This week I have learned:
- the difficulty of working with lots of people for whom I have lots of respect and admiration. I ran a workshop for about 60 colleagues and whilst it went well, I ended up feeling a bit exposed by the experience. I realise it’s because I want them to see value in what I am doing. That’s not to say that I don’t want that usually, but colleagues are different to clients. I guess I want to impress them all.
- what a great person Tom Geraghty is. I interviewed him on Thursday for the Brown Bag experiment, and his take on psychological safety is so on the money. The chat will be available next week online.
- they are actually selling. A few of orders this week for multiple packs of the PlayCards from people in really interesting roles in big corporates. There might be something in this.
- (last two pre-order special packs just waiting to be sold now, hint hint, nudge nudge)
- feeling like the most creative person in the room is a strange thing. I don’t get it that often, but when I do I feel very much the imposter. But maybe that’s a trait of creative people? Always looking at other creative people and wondering how they do things better than you do?
- this current wave of AI is bluster.

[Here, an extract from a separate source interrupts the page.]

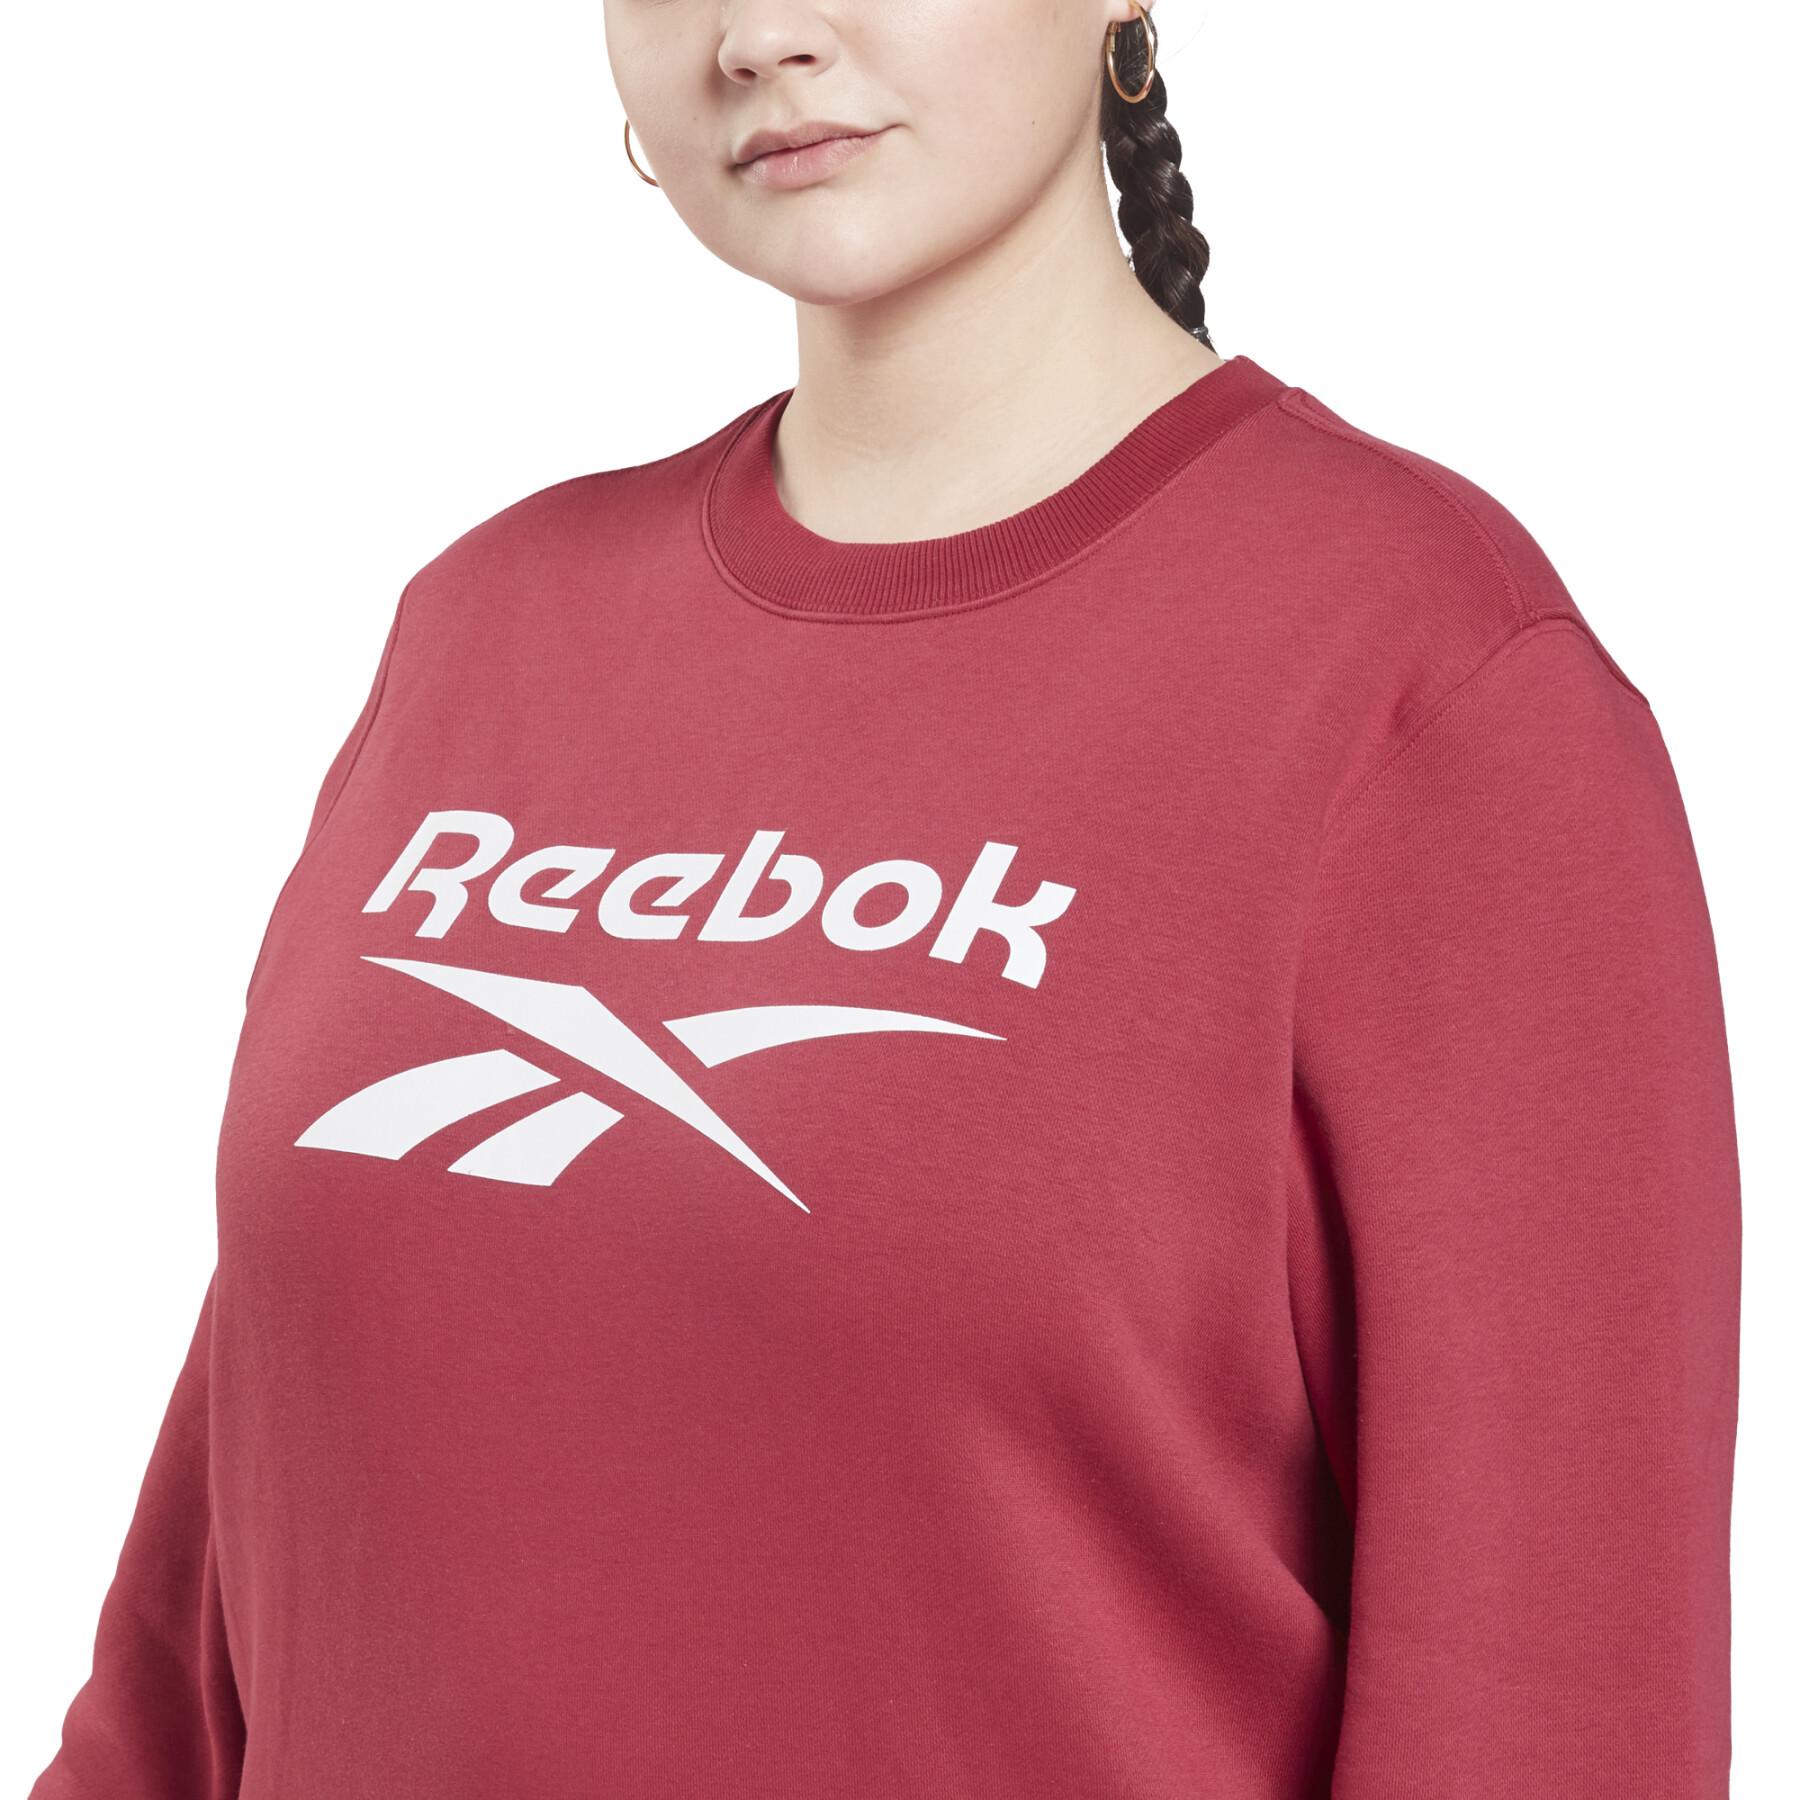 Women's identity logo fleece round neck sweatshirt (large sizes)

I still remember when 3D was going to be so big they had to rebuild MS Paint.
- I can run 10 kilometres in one burst. Burst might be a little strong, but last night I ran a whole 10k, and at an average of less than 8 minutes/km. Only another 55 minutes to shave off my time before I’m in world record territory.
- I’m starting to get some insight from the coffees thing. Mainly that I and my colleagues probably need more unstructured, no-agenda meeting time.
- Translating agile projects into waterfall proposals and statements of work is odd, but I think I can see why it’s necessary now. To fix it all we need to do is completely restructure accounting and tax. No biggie.